Here we are given a description of the twilight during which this ritual is to take place over alternations between a vertical, "continuous" blasting riff and the aforementioned chord of unspeakable dissonance. The same general pattern follows for the next stanza, but there is a marked difference in the guitars, which have now moved up an octave or so and have begun to play a strangely different pattern in accordance with the shift in subject matter: now the devotees of the cult themselves:

"Drones Of Inequity
Servile Of The Manors Steer
Knell Of Antiquate Tide
"
\
The pattern is again repeated to describe the alternate weird Boston landscape that Lovecraft created as the setting at which these entranced acolytes begin the ritualistic proceedings:

"Sub-Ornament Creaking Carcasses
Stagger Blackest Harbours
Moored Frothing Profuse
"

It is here that the main phrase that defined the initial rising action is reprised in an entirely different context.

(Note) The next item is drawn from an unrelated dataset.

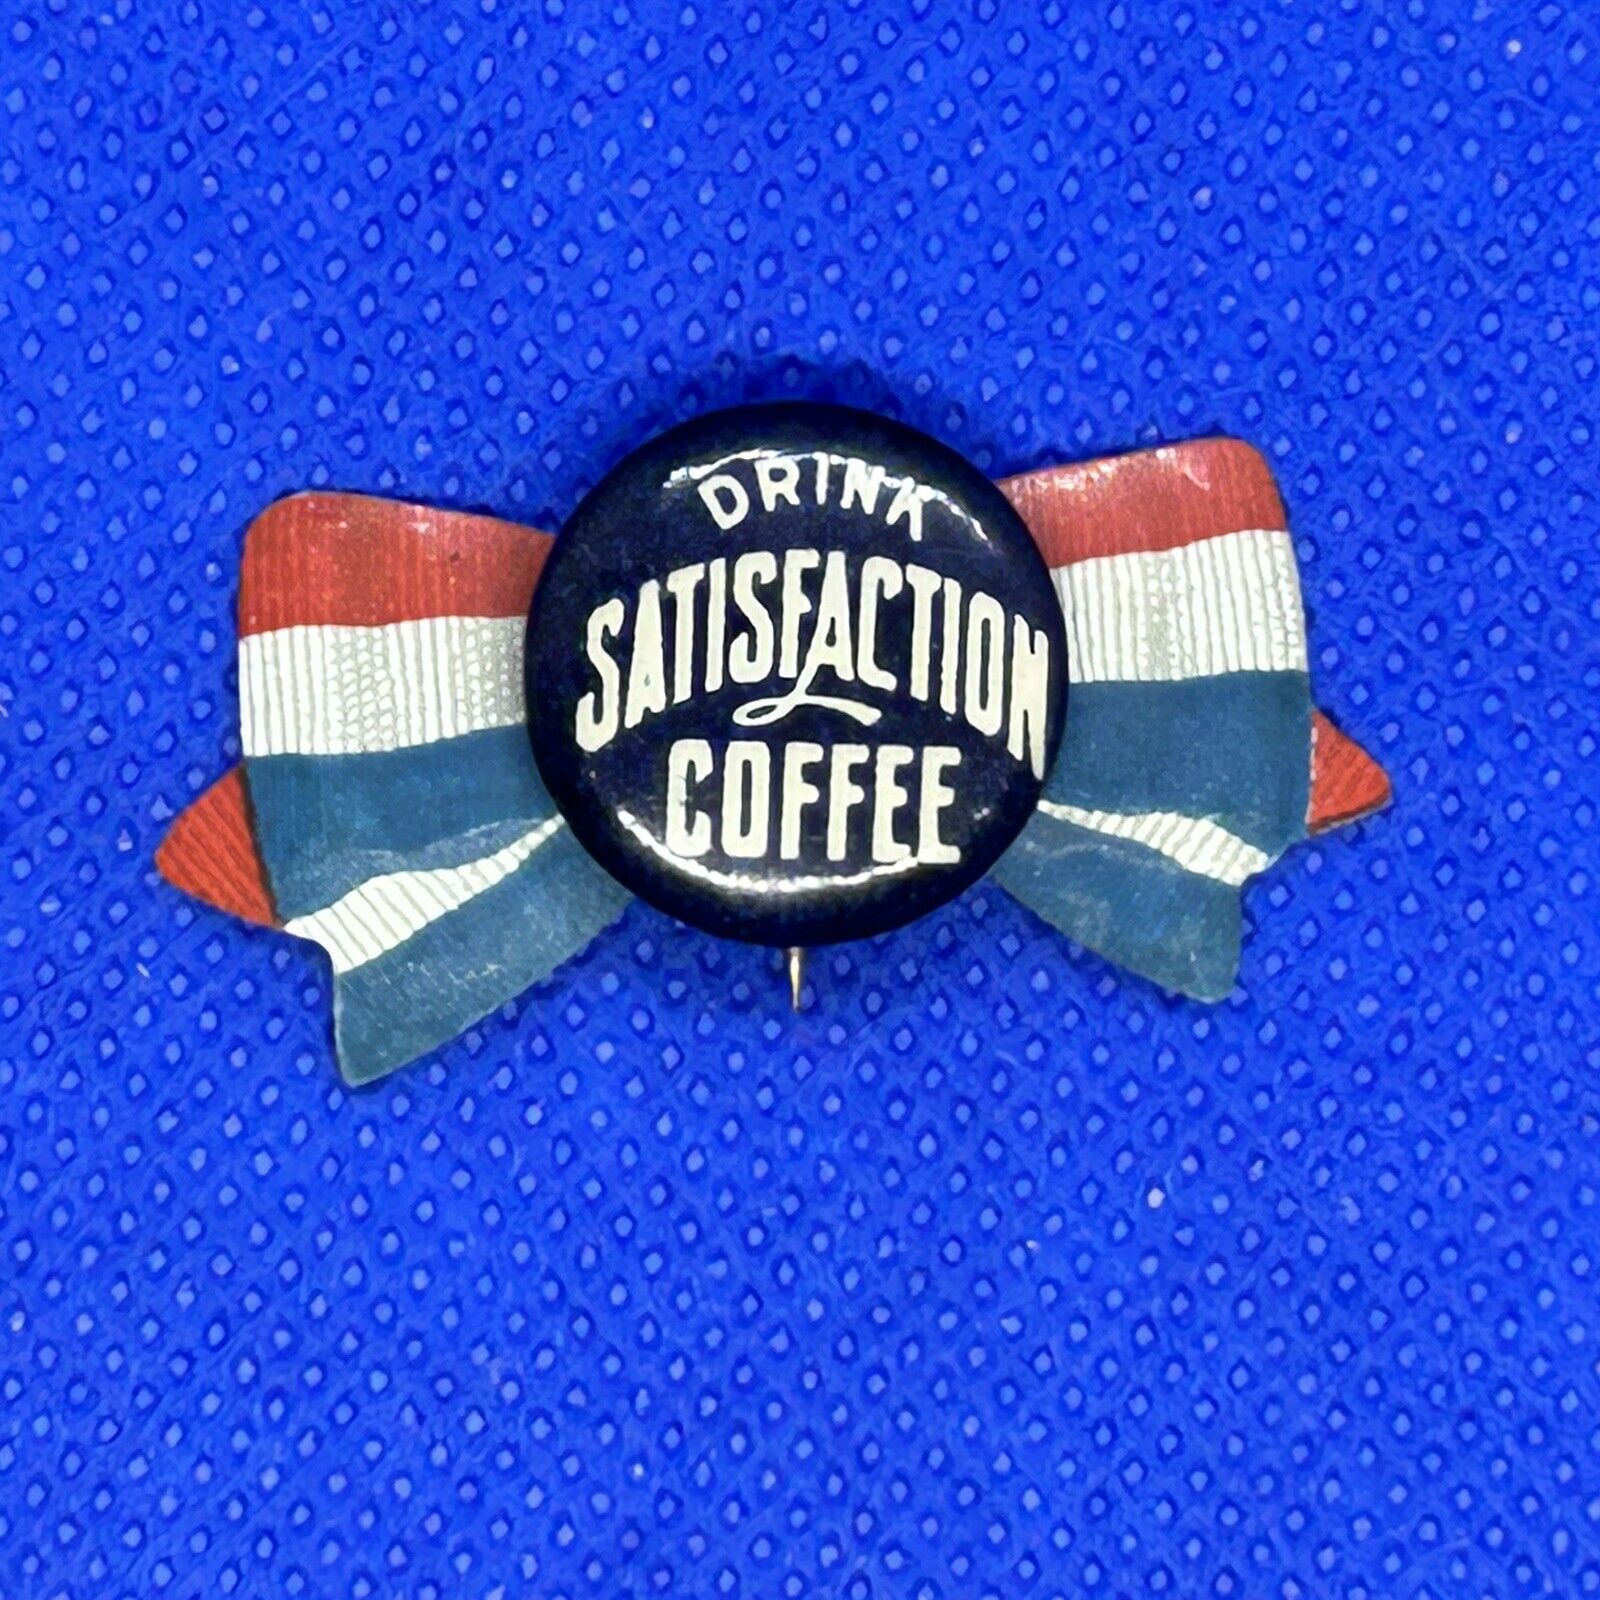 Vintage Antique - Drink Satisfaction Coffee Advertising Pin - Whitehead Hoag Co

The first incarnation of the phrase served to anticipate the oncoming action and vaguely cauterize the listener's psychological state with a sense of ambiguous fear. At this point in the song, the horror has become explicit and undeniable, as song shifts to its final section in which The Curator recites a cryptic mantra to the tone of a phrase that alternates between fast tremolo picking and gradually descending (in a tonal sense), palm-muted chugs:

"Bow Oh Graving Faces
Bow Oh Graving Faces
Bow Oh Graving Faces
Bow Oh Graving Faces
"

The song ends with a sample and sets the stage for the formidably sepulchral album-closer, "Marityme". Much like the investigation of "Larvae", any further word drawing parallels between Portal's mastery of psychological songwriting and Lovecraft's prose would be superfluous.

At this point I'm satisfied with the evidence presented in defending the claims I made at the outset of this post. I conclude by remarking that the grasp Lovecraft had on the spectral and "weird" has only been rivaled by a handful of other authors that have dared to broach a subject of imposing philosophical depth; and the same can be said of Portal within the paradigm of death/black metal.